Both BI and ML phylogenetic analyses, essentially recovered the same tree topology, except for different support values for some groups. Cedrela splits into two well-supported clades; clade A (PP = 1.0, BS = 95%) which includes species from Mexico, Costa Rica and El Salvador, and clade B (PP = 1.0, BS = 100%) including samples from Cuba, Mexico and the rest of the Central and South American species (Fig 8).
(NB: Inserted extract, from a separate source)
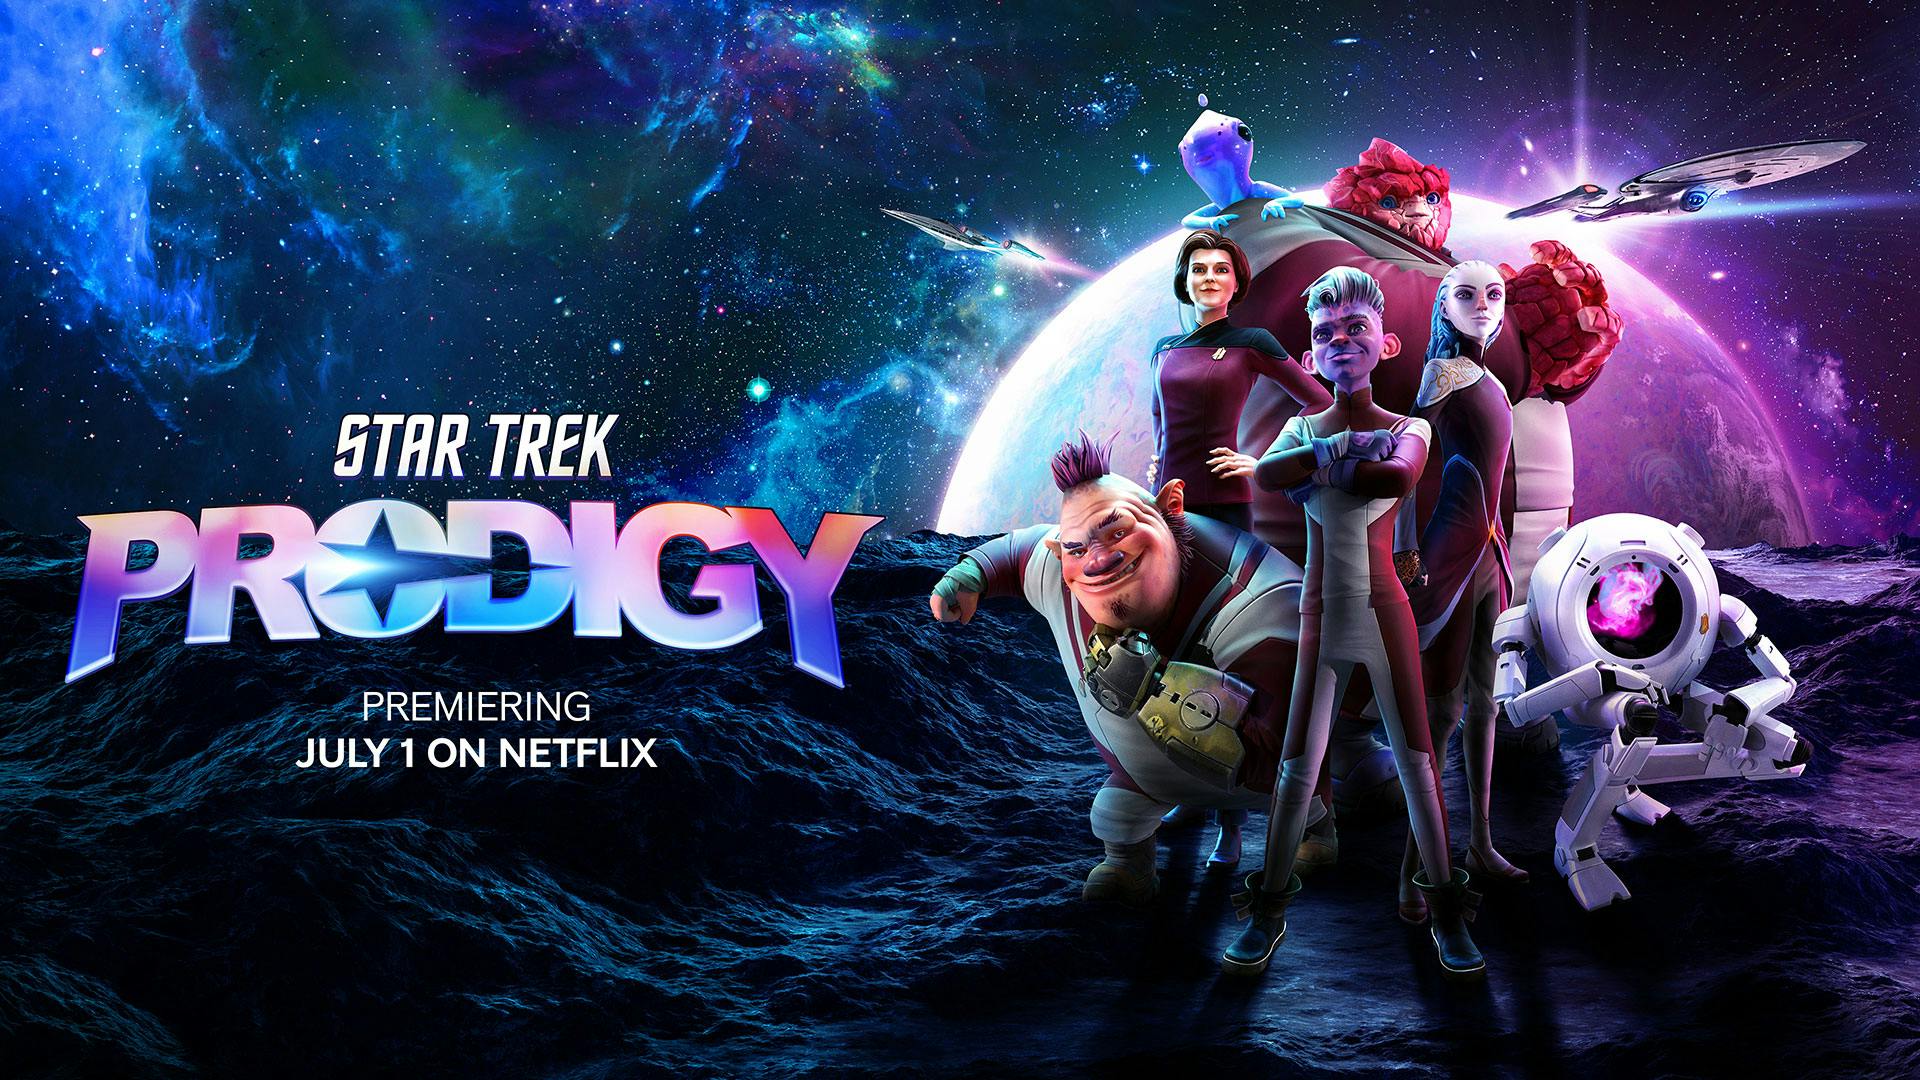 Season 2 Star Trek: Prodigy key art with Jankom Pog, Admiral Janeway, Murf, Rok-Tahk, Gwyn, and Zero crowded together on the surface of a planet

Both BI and ML analyses confirm the monophyletic nature of Cedrela (PP = 0.89, BS = 82%) with Toona recovered as a sister lineage.

The species described here as C. tamaulipana sp. nov. is placed within clade A, as closely related to C. dugesii, C. monroana, C. oaxacensis, and C. saxatilis (voucher Beitel s.n.). Although the relationships among these species were not fully resolved, C. tamaulipana appears as a genetically distinct group (PP = 0.81, BS = 86%) separated from the other species (Fig 8). Cedrela salvadorensis and C. tonduzii are recovered as more divergent taxa within this clade A.

Within clade B, Cedrela odorata s. str. (voucher Villacorta and Berendsohn 271 from El Salvador) is placed as a sister taxon to C. odorata from Tamaulipas, Mexico (vouchers Berrones-Morales 22 and 23) and Cuba (voucher Thuenen-ID CEODO_205_2, GenBank accession MG724915.1); all these samples were recovered as a more divergent and well-supported (PP = 1.0, BS = 100%) monophyletic group within clade B. The South American species (C. angustigolia DC., C. balansae C. DC., C. fissilis Vell., C. kuelapensis T.D. Penn. & Daza, C. molinensis T.D. Penn. & Reynel, C. montana Moritz ex Turcz., C. nebulosa T.D. Penn. & Daza, C. saltensis M.A. Zapater & del Castillo, C. weberbaueri Harms and Cedrela sp. voucher Neill et al. 6230) and one species from the Antilles (C. cubensis Bisse) (voucher Cuba excursion 462, S1 File), were recovered as a well-supported monophyletic group (PP = 1.0, BS = 96%). The relationships among South American species were poorly resolved and the results from BI and ML analyses were slightly different, with low support values for the internal nodes.

Discussion

Evidence from an integrative approach, involving morphological, ecological and molecular data, support the recognition of Cedrela tamaulipana as a new species. Likewise, based on morphological and phylogenetic evidence we propose the validity of C. saxatilis as a distinct species.